The problem is because you are passing a pointer to a local variable out of a function. Dereferencing such pointers is undefined behavior. You should allocate newElement with new.

This code

node newElement = {};

creates a local variable newElement. Once the function is over, the scope of newElement ends, and its memory gets destroyed. However, you are passing the pointer to that destroyed memory to outside the function. All references to that memory become invalid as soon as the function exits.

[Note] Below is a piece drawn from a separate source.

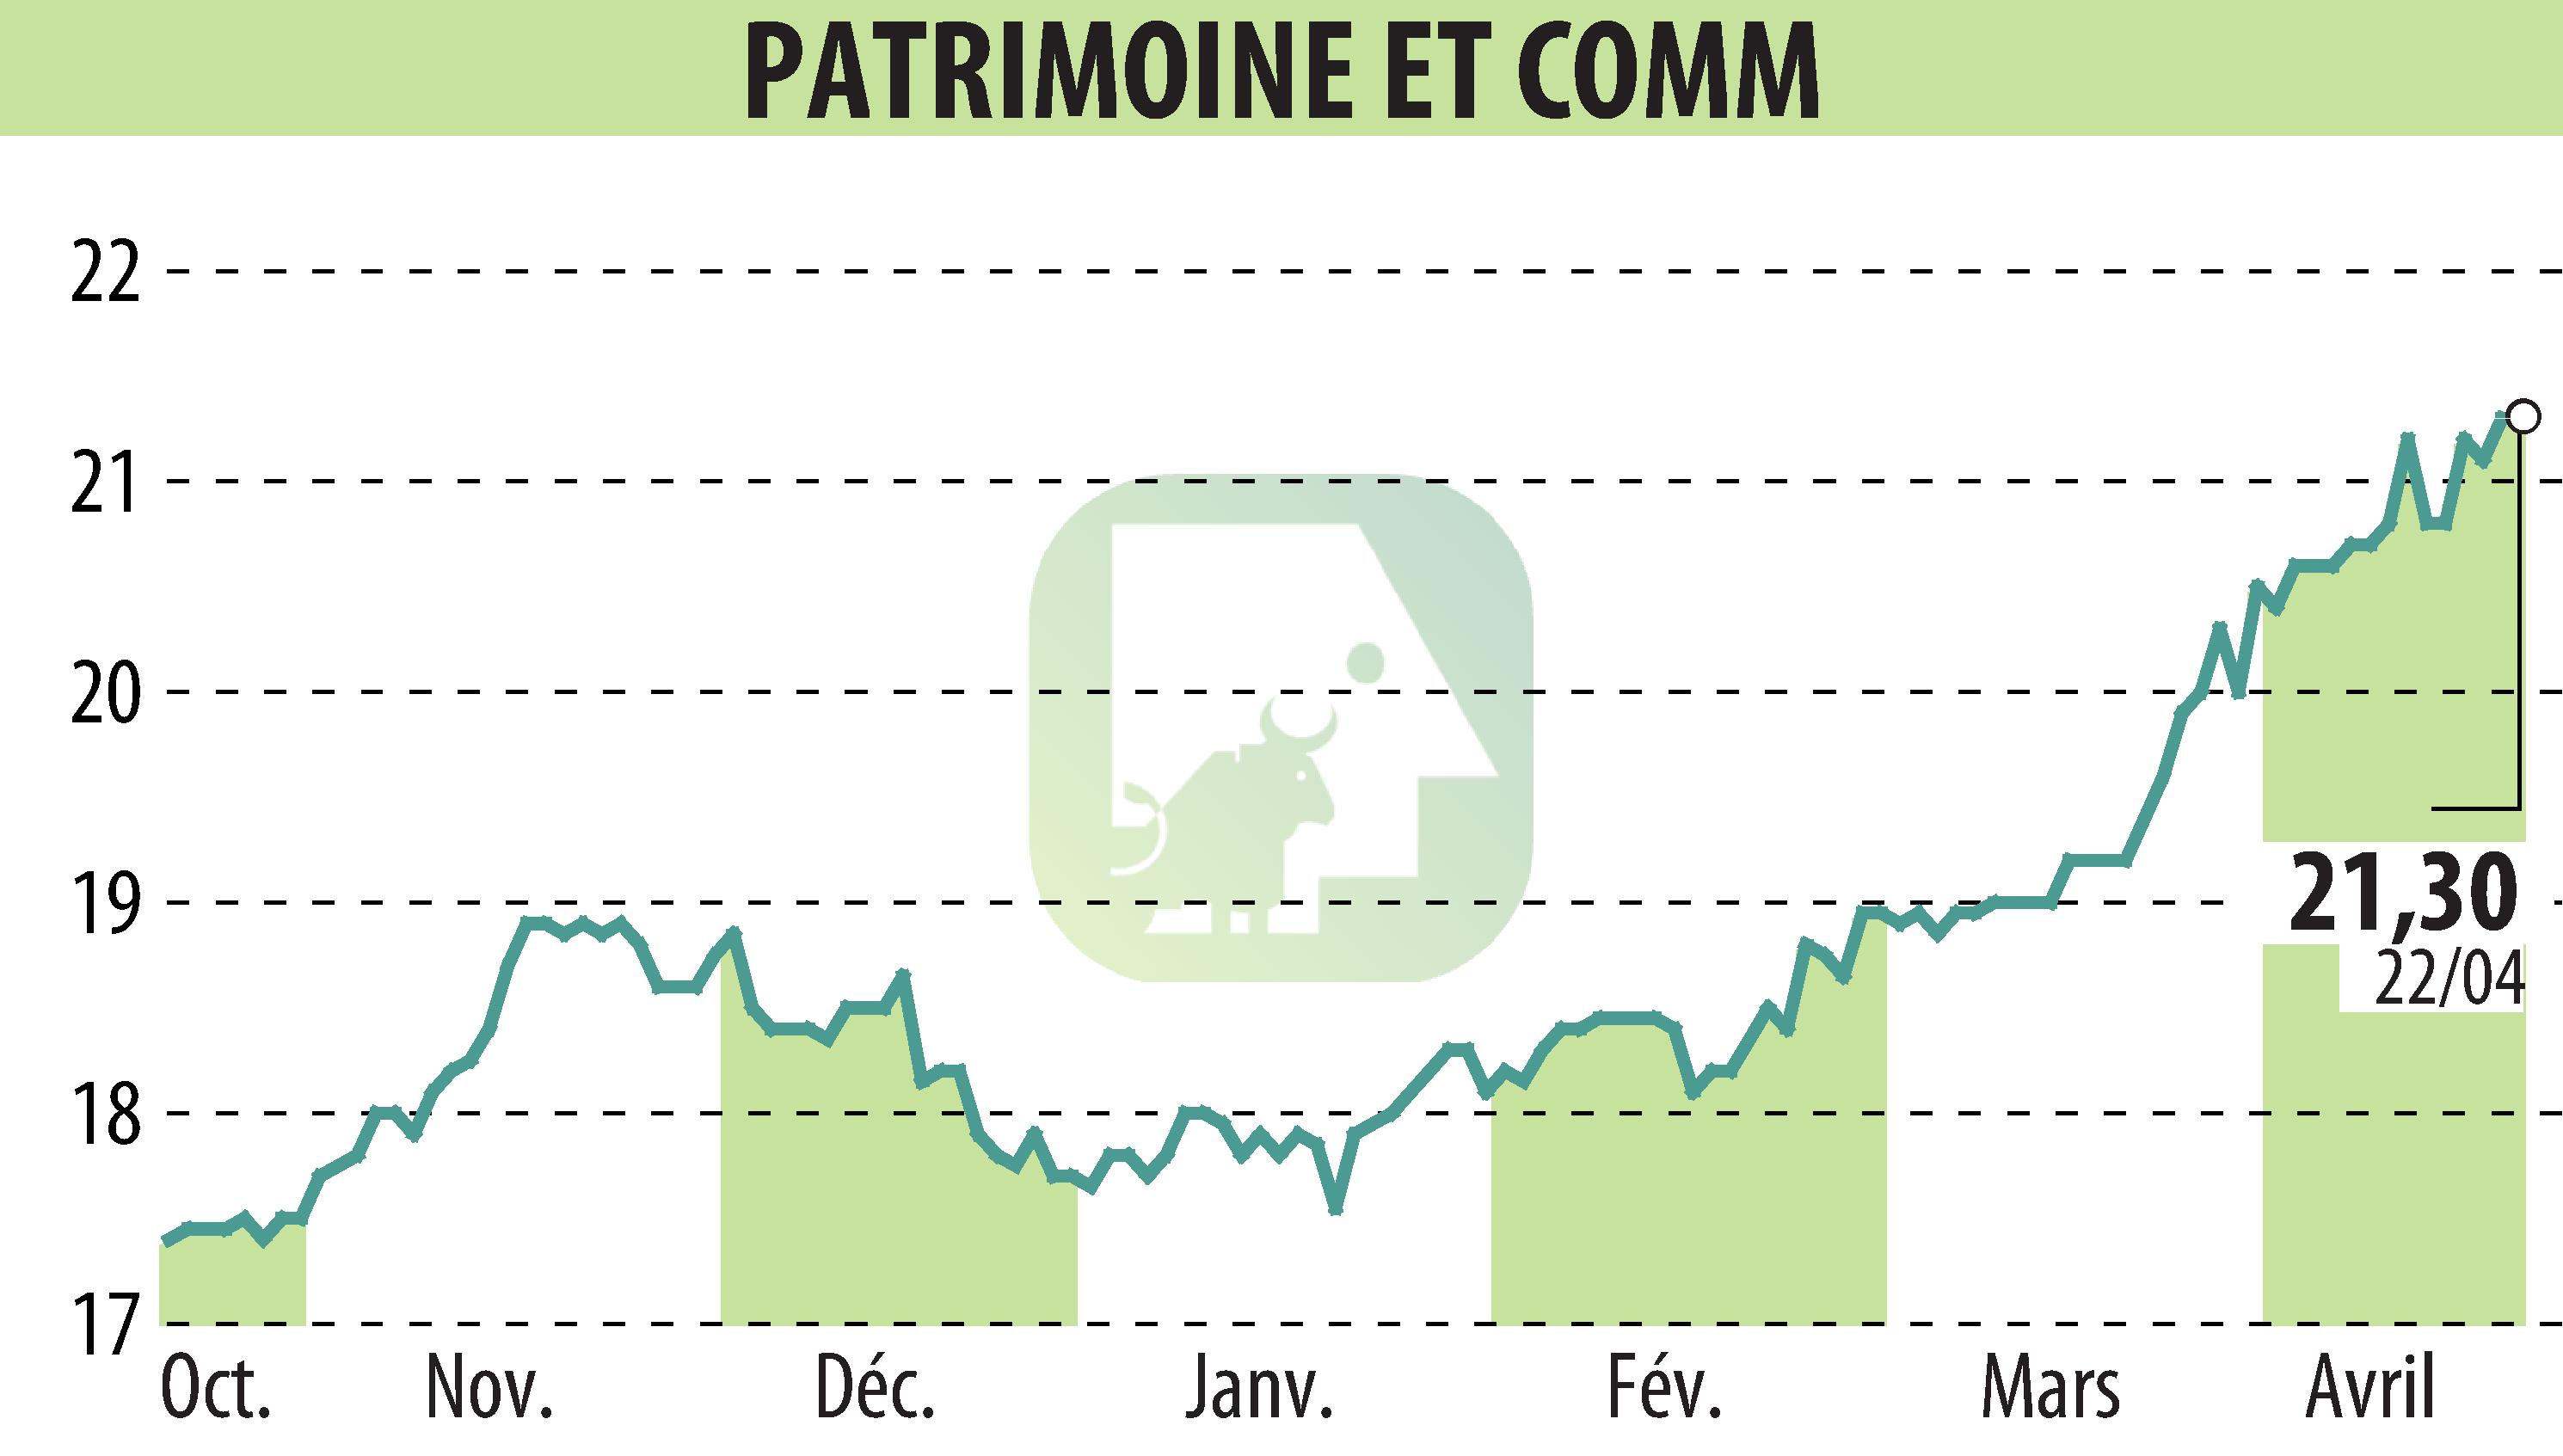 Stock price chart of PATRIMOINE ET COMMERCE  (EPA:PAT) showing fluctuations.
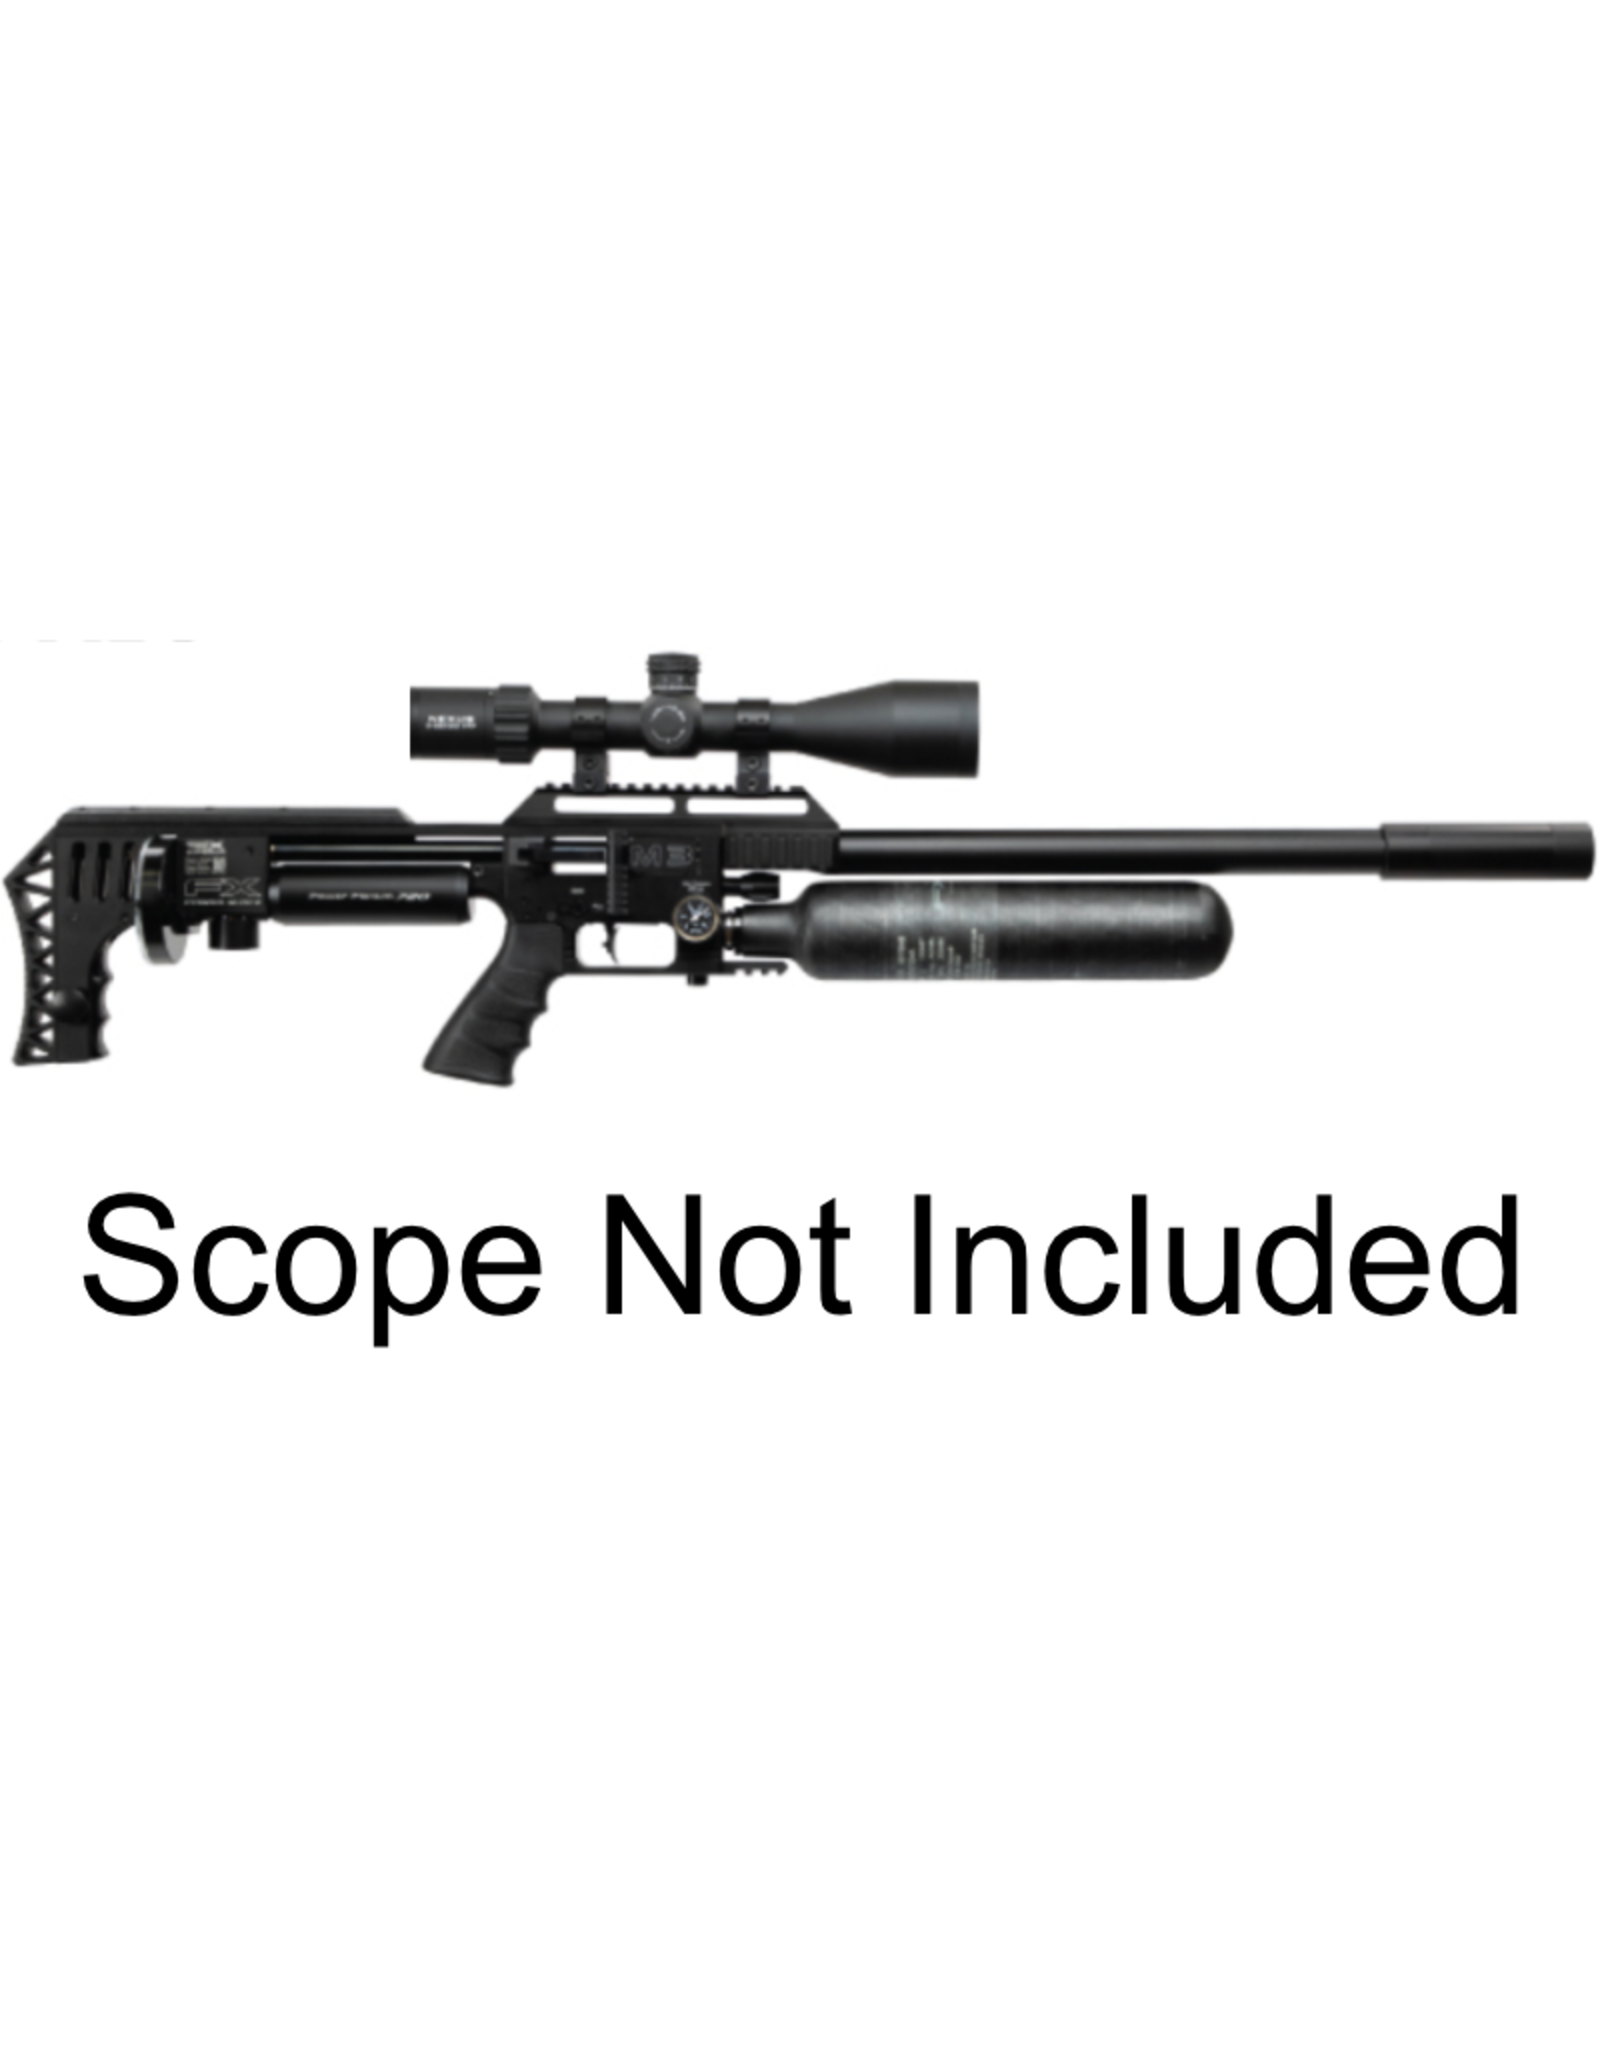 FX Airguns FX Impact M3, Black - 700mm  - .22 caliber - POWER BLOCK w/ DONNYFL MOD

This code, on the other hand

node *newElement = new node(); // Don't forget the asterisk

allocates an object on free store. Such objects remain available until you delete them explicitly. That's why you can use them after the function creating them has exited. Of course since newElement is a pointer, you need to use -> to access its members.

Answer 4

Well you have got one problem with your Also comment. The second may be cleaner but it is wrong. You have to new memory and delete it. Otherwise you end up with pointers to objects which no longer exist. That's exactly the problem that new solves.

Another problem

void insert(node *&root, const int key)
{
    node newElement = {};
    newElement.key = key;

    node *y = NULL;
    std::cout << root->key; // this line

On the first insert root is still NULL, so this code will crash the program.